__Your goal__
Word for word, return each entry that follows, with every image removed.

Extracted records
•••

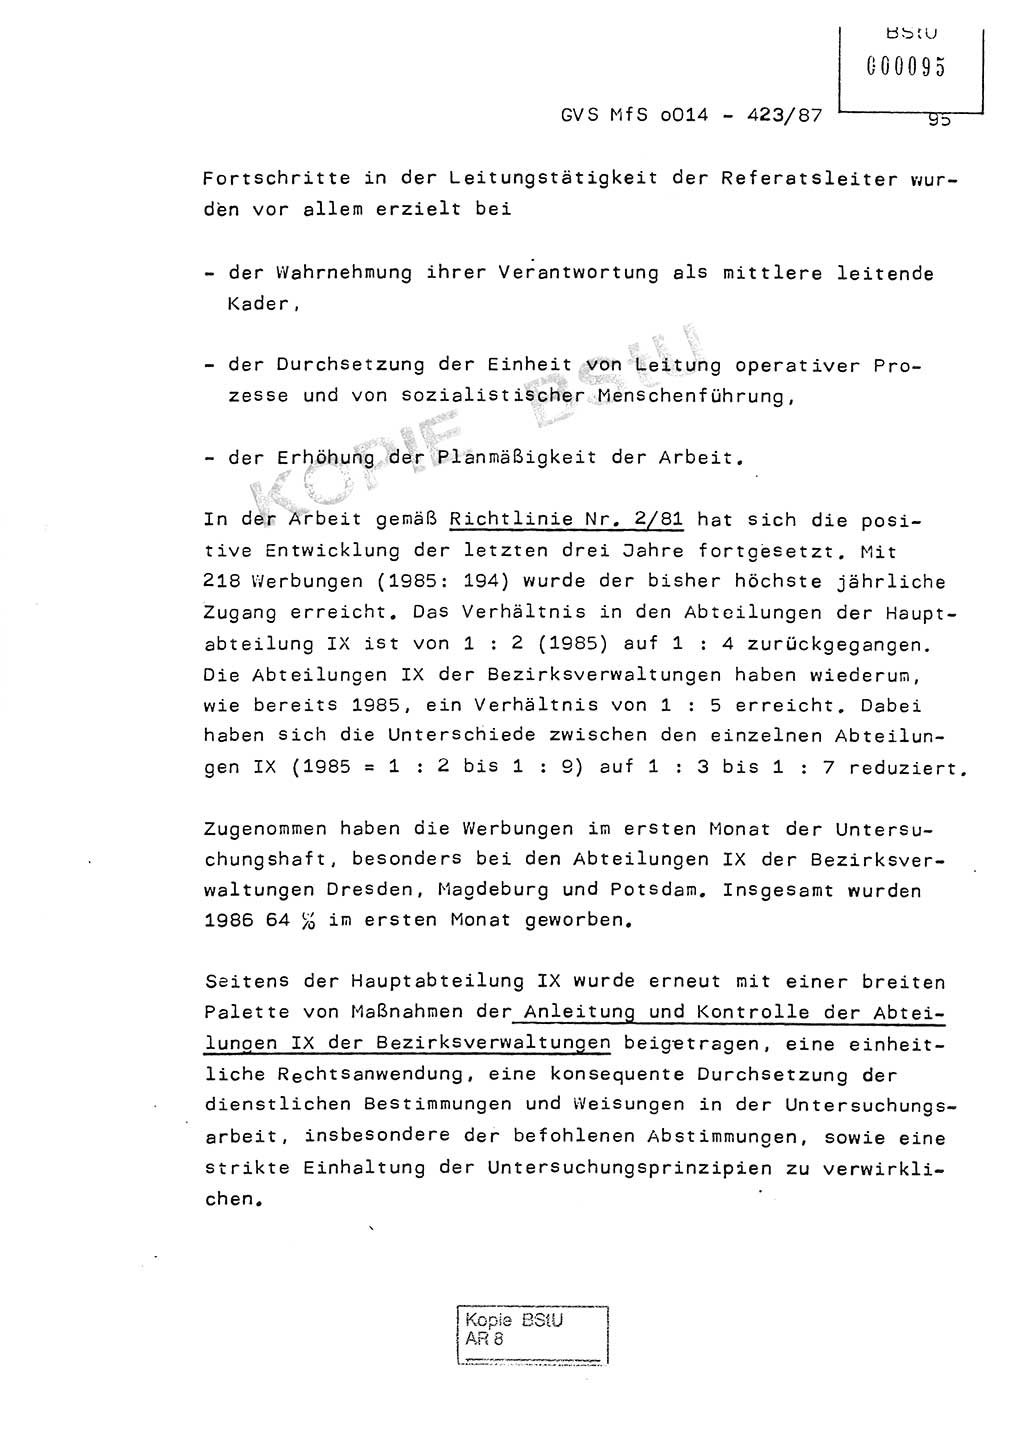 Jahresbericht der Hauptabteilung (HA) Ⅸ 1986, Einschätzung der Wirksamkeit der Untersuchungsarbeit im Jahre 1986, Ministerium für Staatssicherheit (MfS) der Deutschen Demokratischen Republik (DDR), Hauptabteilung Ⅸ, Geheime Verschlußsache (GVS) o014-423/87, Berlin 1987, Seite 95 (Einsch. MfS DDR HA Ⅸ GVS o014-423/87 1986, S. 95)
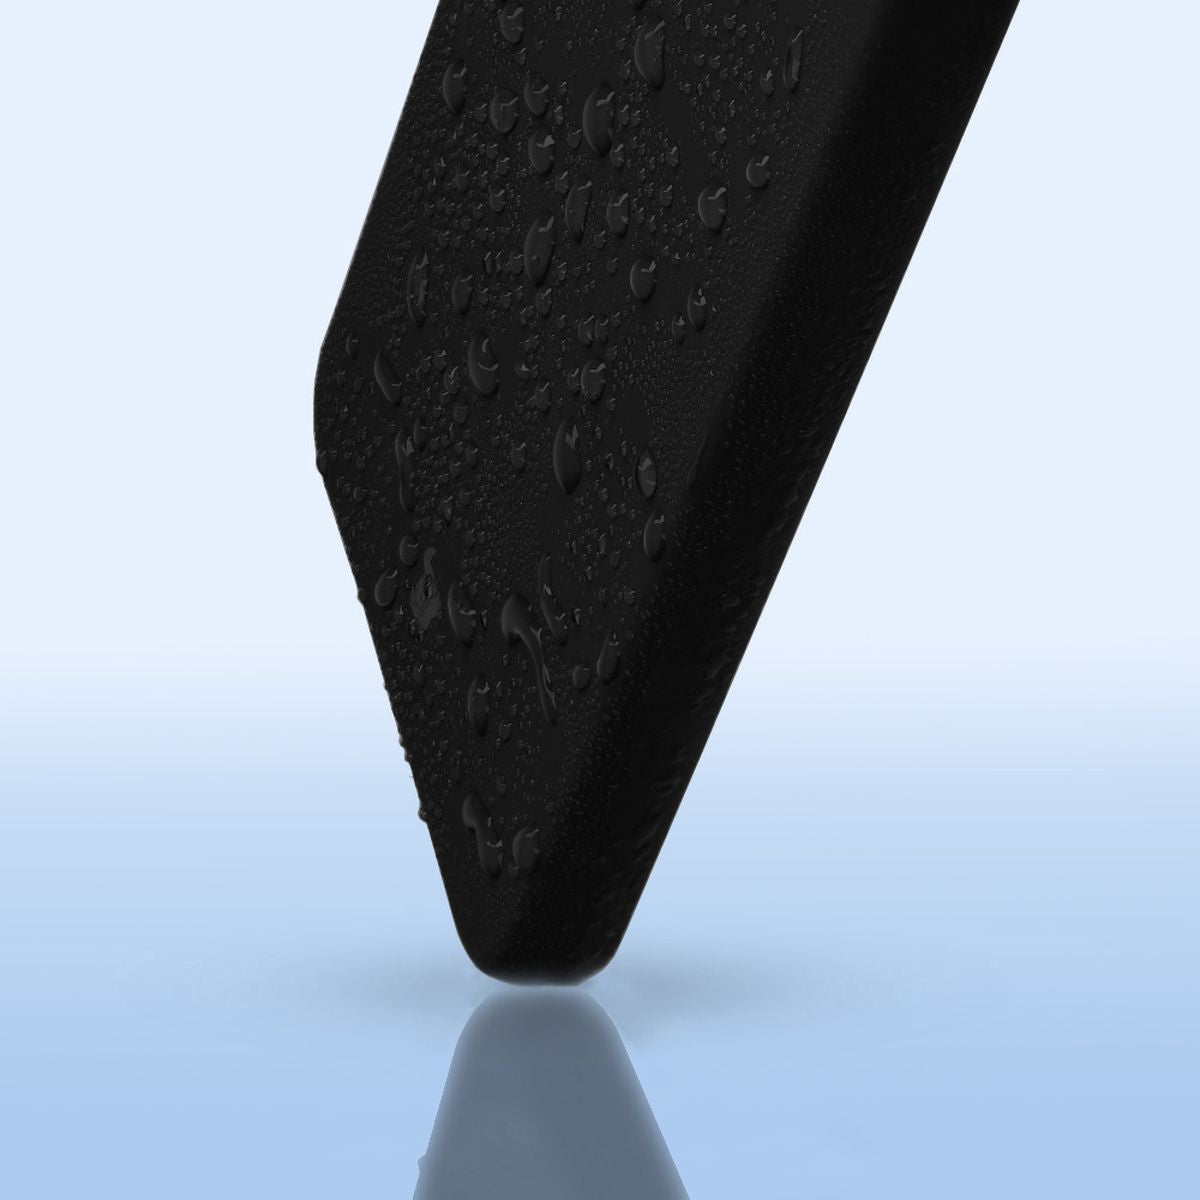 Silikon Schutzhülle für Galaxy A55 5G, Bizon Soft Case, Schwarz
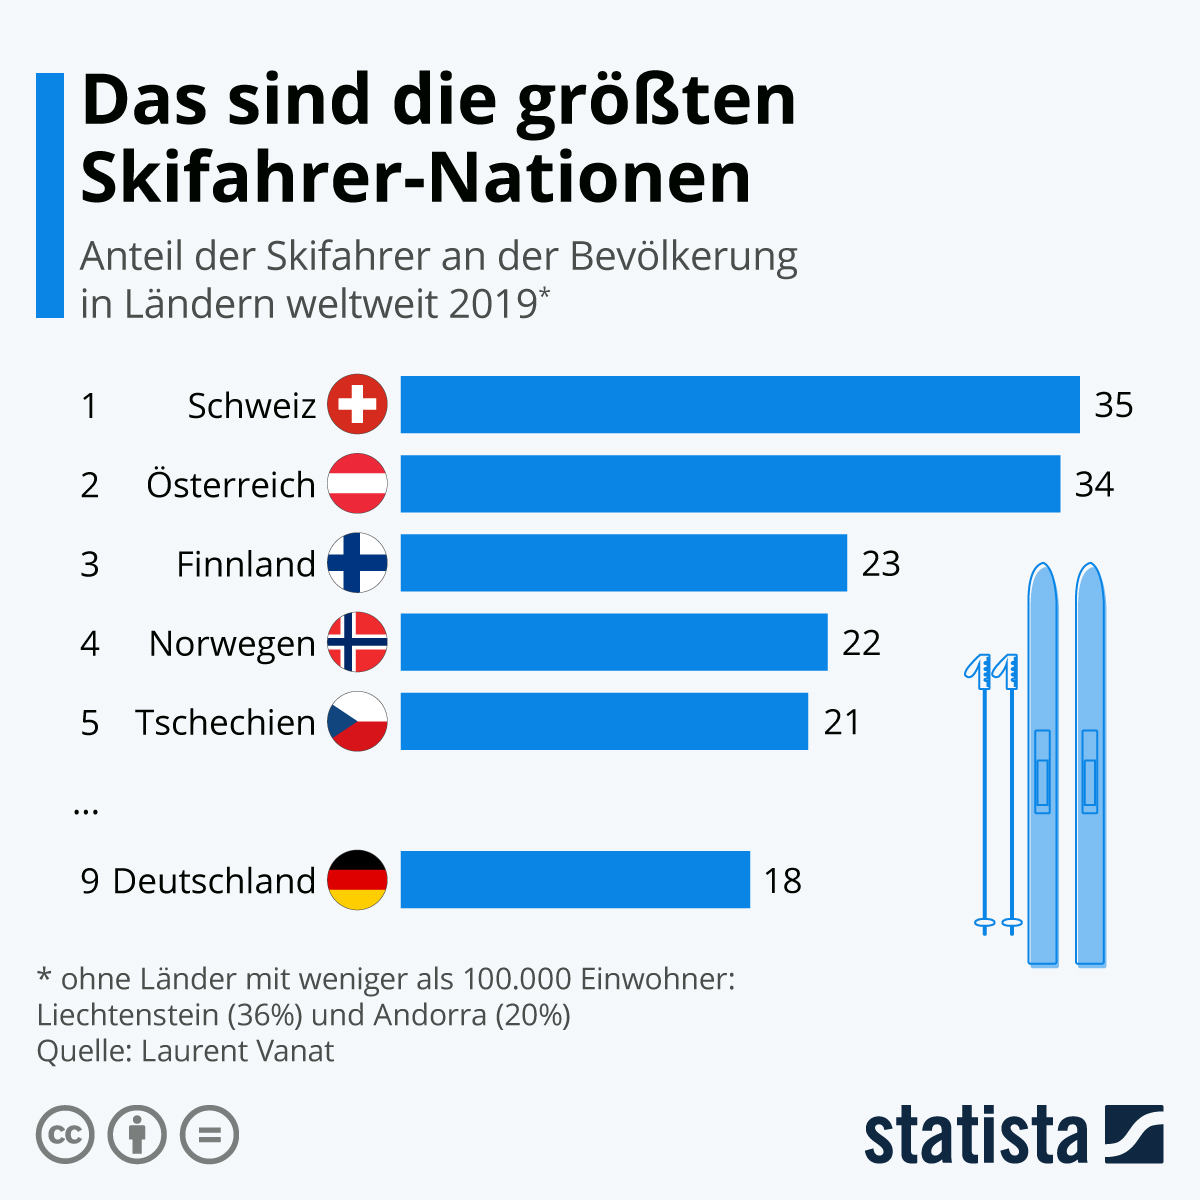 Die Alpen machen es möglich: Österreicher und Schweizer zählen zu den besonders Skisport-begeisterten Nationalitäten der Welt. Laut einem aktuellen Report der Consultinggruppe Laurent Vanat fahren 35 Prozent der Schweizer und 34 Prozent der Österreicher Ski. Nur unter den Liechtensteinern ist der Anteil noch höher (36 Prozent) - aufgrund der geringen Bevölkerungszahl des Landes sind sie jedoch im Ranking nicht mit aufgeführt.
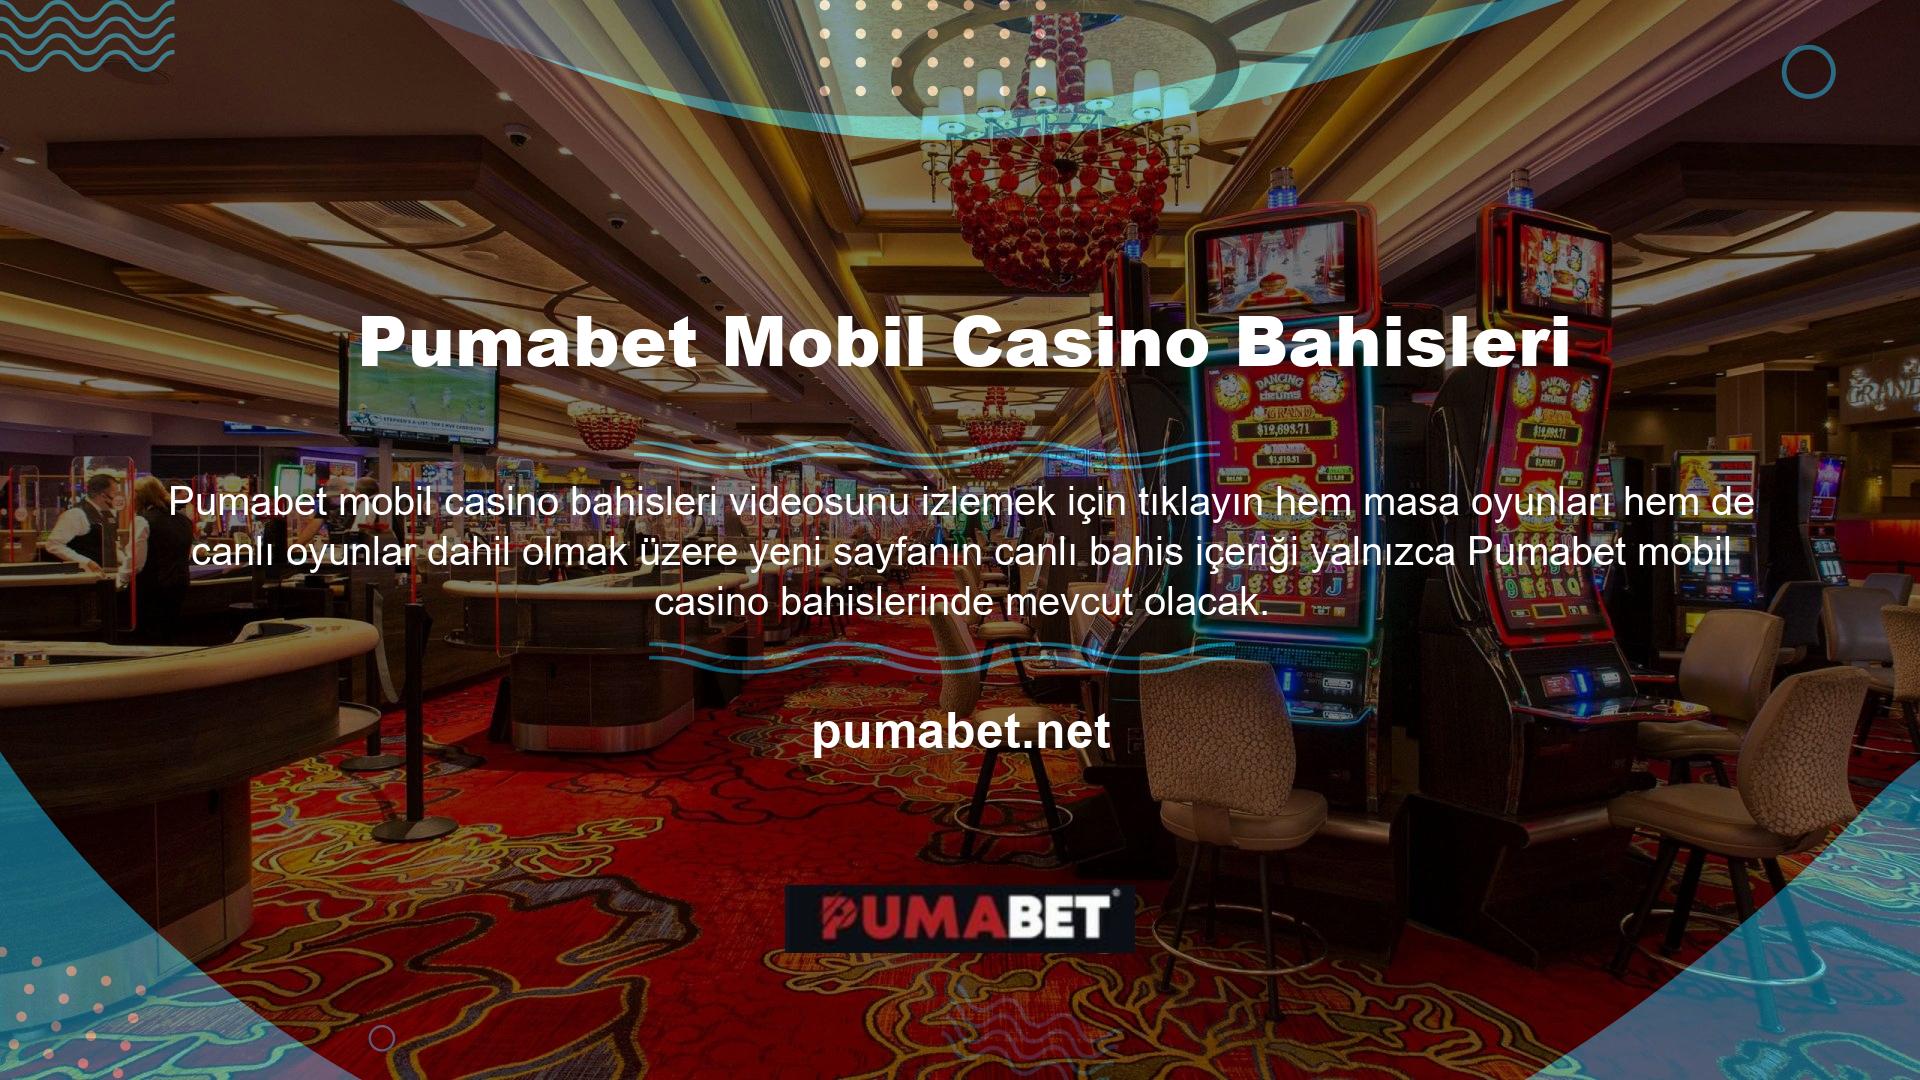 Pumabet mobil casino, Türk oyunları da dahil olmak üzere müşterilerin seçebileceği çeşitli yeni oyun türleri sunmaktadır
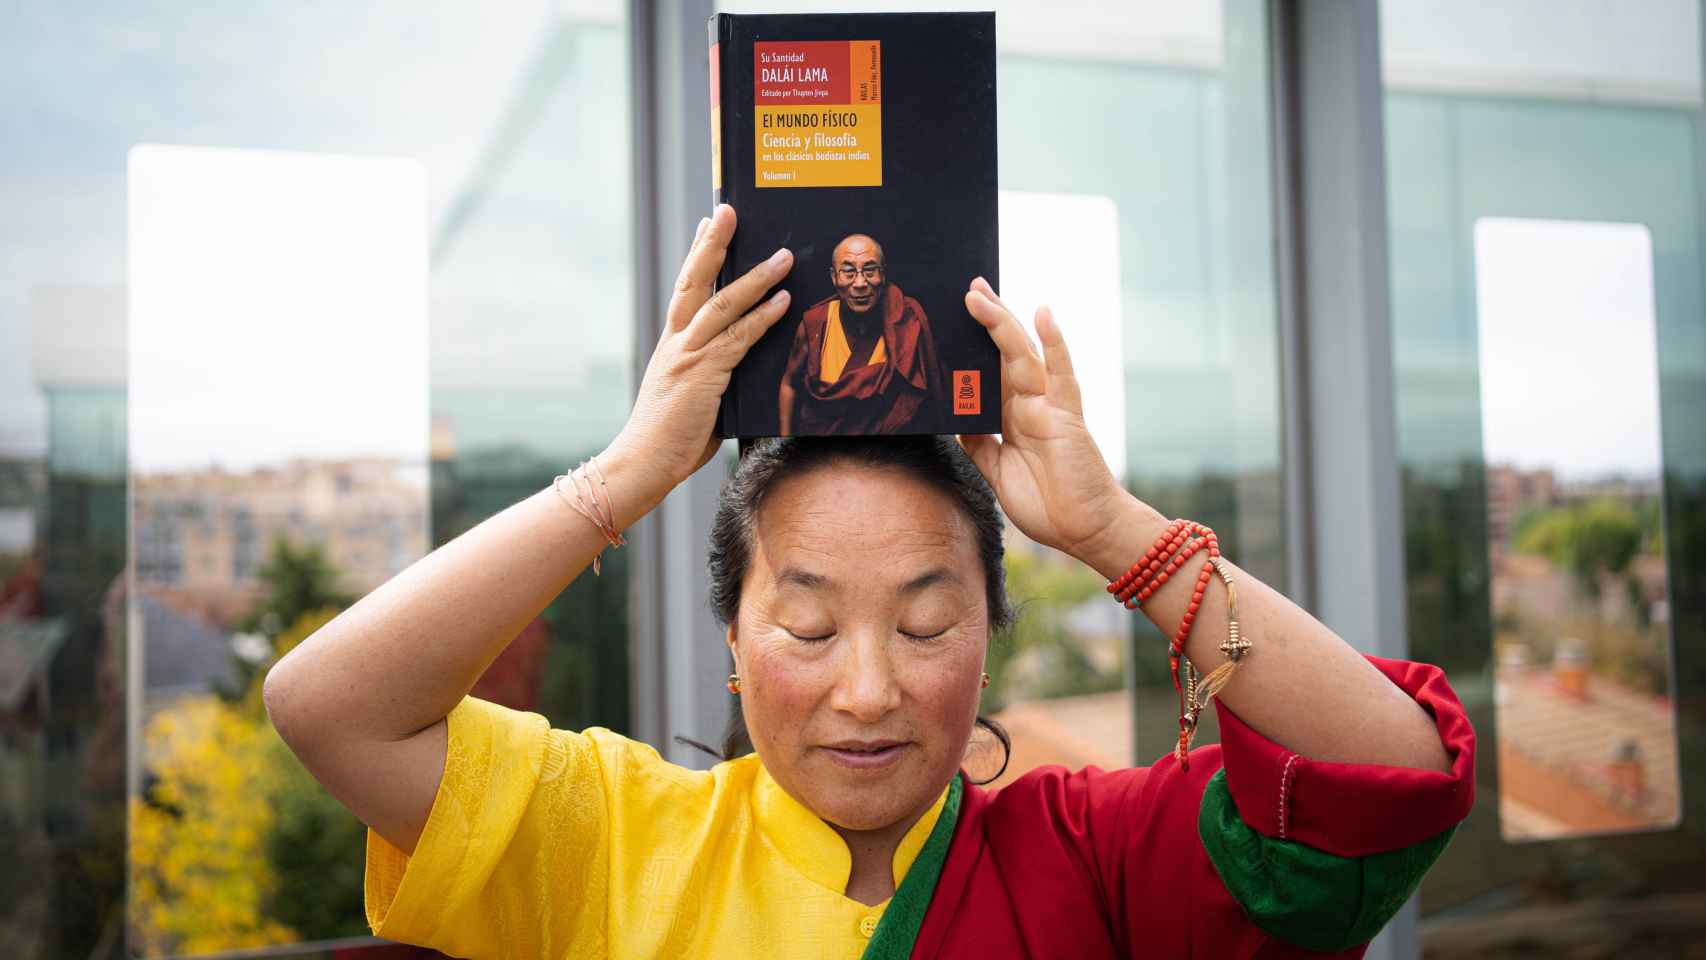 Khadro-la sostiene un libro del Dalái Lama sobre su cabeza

•••

__Response to the task__
 Jahresbericht der Hauptabteilung (HA) Ⅸ 1986, Einschätzung der Wirksamkeit der Untersuchungsarbeit im Jahre 1986, Ministerium für Staatssicherheit (MfS) der Deutschen Demokratischen Republik (DDR), Hauptabteilung Ⅸ, Geheime Verschlußsache (GVS) o014-423/87, Berlin 1987, Seite 95 (Einsch. MfS DDR HA Ⅸ GVS o014-423/87 1986, S. 95)
 Silikon Schutzhülle für Galaxy A55 5G, Bizon Soft Case, Schwarz
 Die Alpen machen es möglich: Österreicher und Schweizer zählen zu den besonders Skisport-begeisterten Nationalitäten der Welt. Laut einem aktuellen Report der Consultinggruppe Laurent Vanat fahren 35 Prozent der Schweizer und 34 Prozent der Österreicher Ski. Nur unter den Liechtensteinern ist der Anteil noch höher (36 Prozent) - aufgrund der geringen Bevölkerungszahl des Landes sind sie jedoch im Ranking nicht mit aufgeführt.
 Pumabet mobil casino, Türk oyunları da dahil olmak üzere müşterilerin seçebileceği çeşitli yeni oyun türleri sunmaktadır
 Khadro-la sostiene un libro del Dalái Lama sobre su cabeza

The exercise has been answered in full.